Я состоял из двух человек. Один катался, охал и бессильно плакал на кровати в комнате для гостей, проклиная всё на свете. А другой стоял позади Ноэль, смотрел на фигуру на кровати, порочно улыбался, беззвучно посмеивался и думал: Не достаточно, не достаточно, нет, мало, мало, ах ты поп-расстрига, ах ты грязный мальчишка из хора, артист хренов. Хочешь отыграть назад, и знаешь, что уже слишком поздно. Детке захотелось конфетку. Дружочку захотелось велосипед. Катайся, захлёбывайся, ах ты никчёмный сукин сын.
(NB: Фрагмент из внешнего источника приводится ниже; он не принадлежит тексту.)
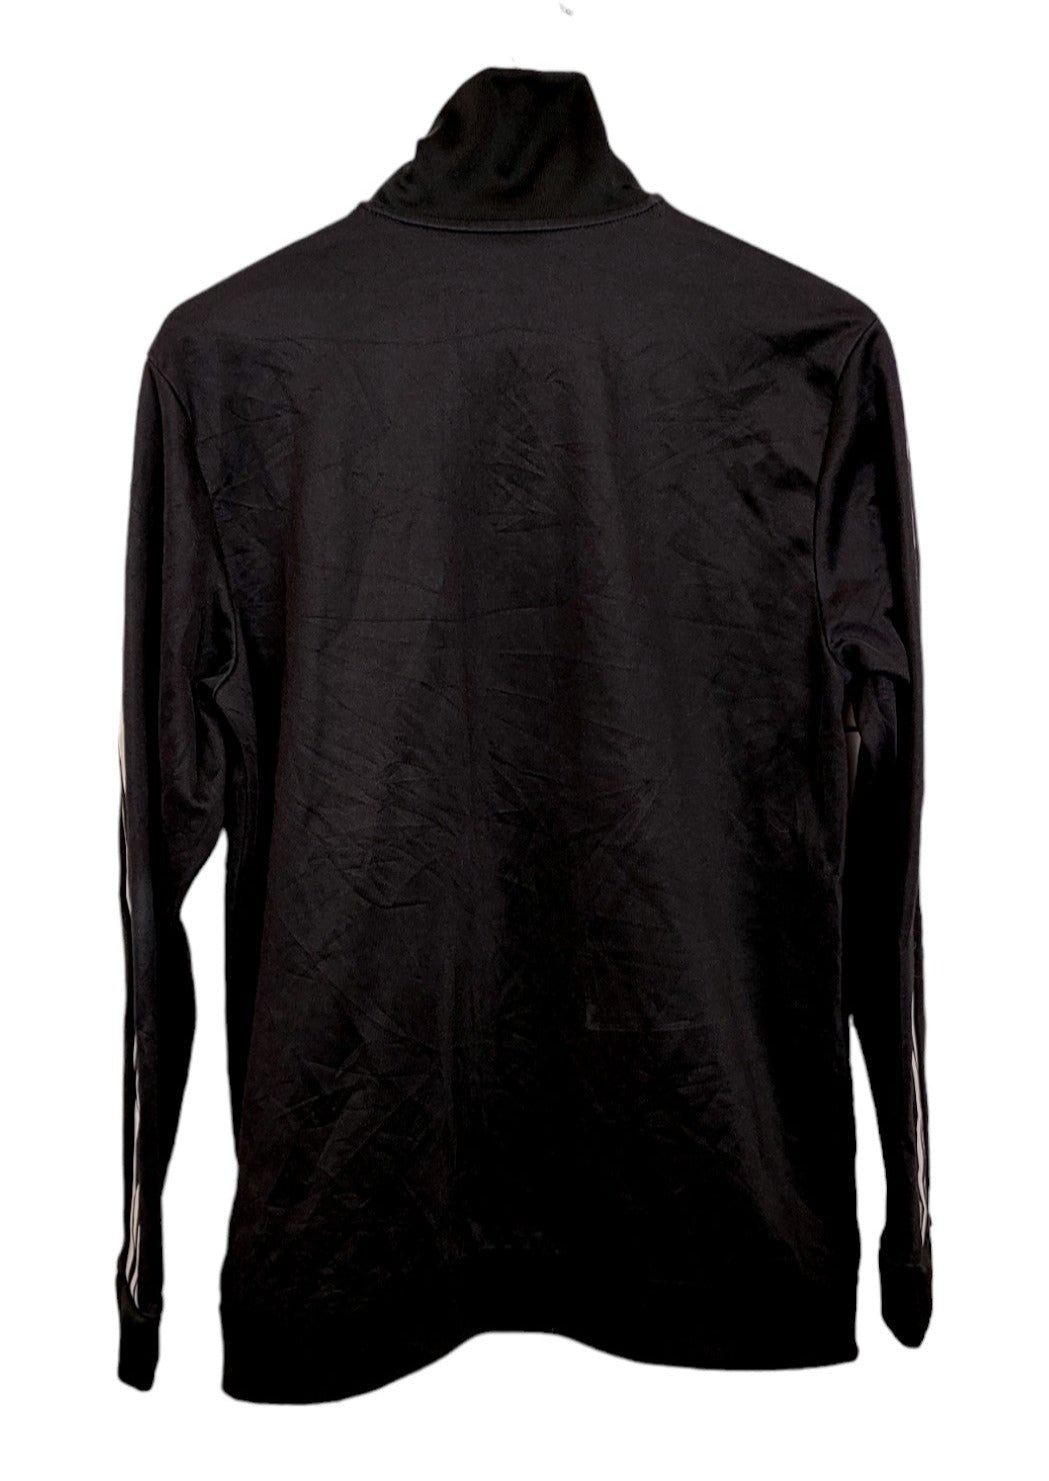 Αθλητική Ανδρική Ζακέτα ADIDAS σε Μαύρο Χρώμα (Medium)
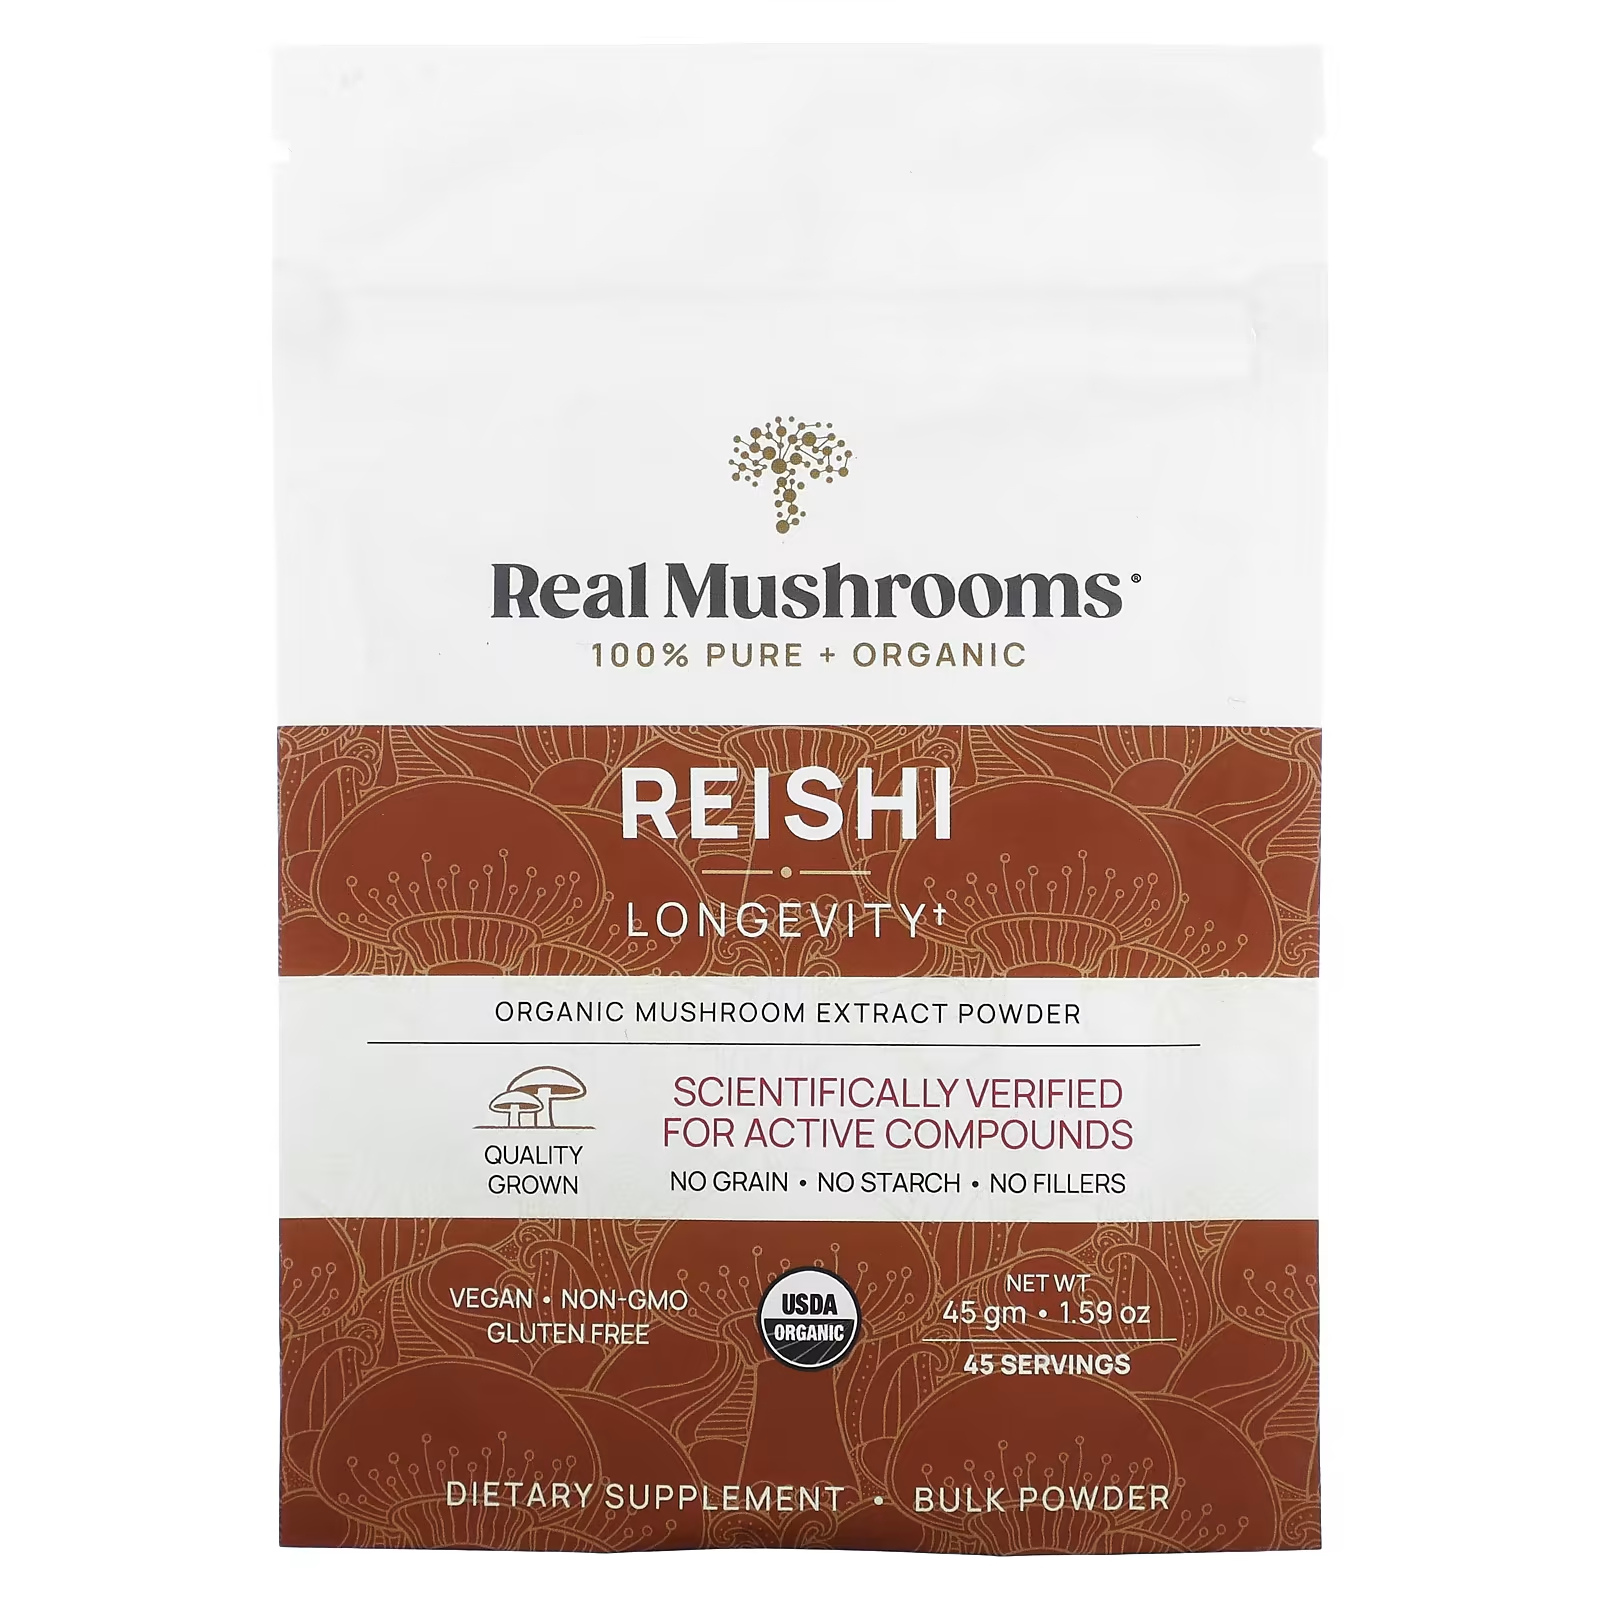 Порошок Real Mushrooms органического экстракта грибов рейши, 45 г

- На! - сказала она. - Возьми!
И я приподнялся на локте и взял три круглые жёлтые таблетки с её ладони, запил их глотком воды.
- Выпей всю воду.
Я послушно сделал это, отдал ей стакан и снова лёг. Я услышал, как она включила воду в ванной. Она вернулась и встала у кровати.
- Тебе нужно поспать. Теперь ты успокоишься?
- Ноэль, нам ... нам нужно поговорить.
В первый её лицо обрело какое-то выражение, исказилось, словно от боли. Я увидел, что в какой-то момент, во время этой неприглядной сцены, которую я устроил, она переоделась в юбку, свитер и жакет.
- Может быть, нам не стоит говорить, Рэнди. Мы никогда не разговаривали.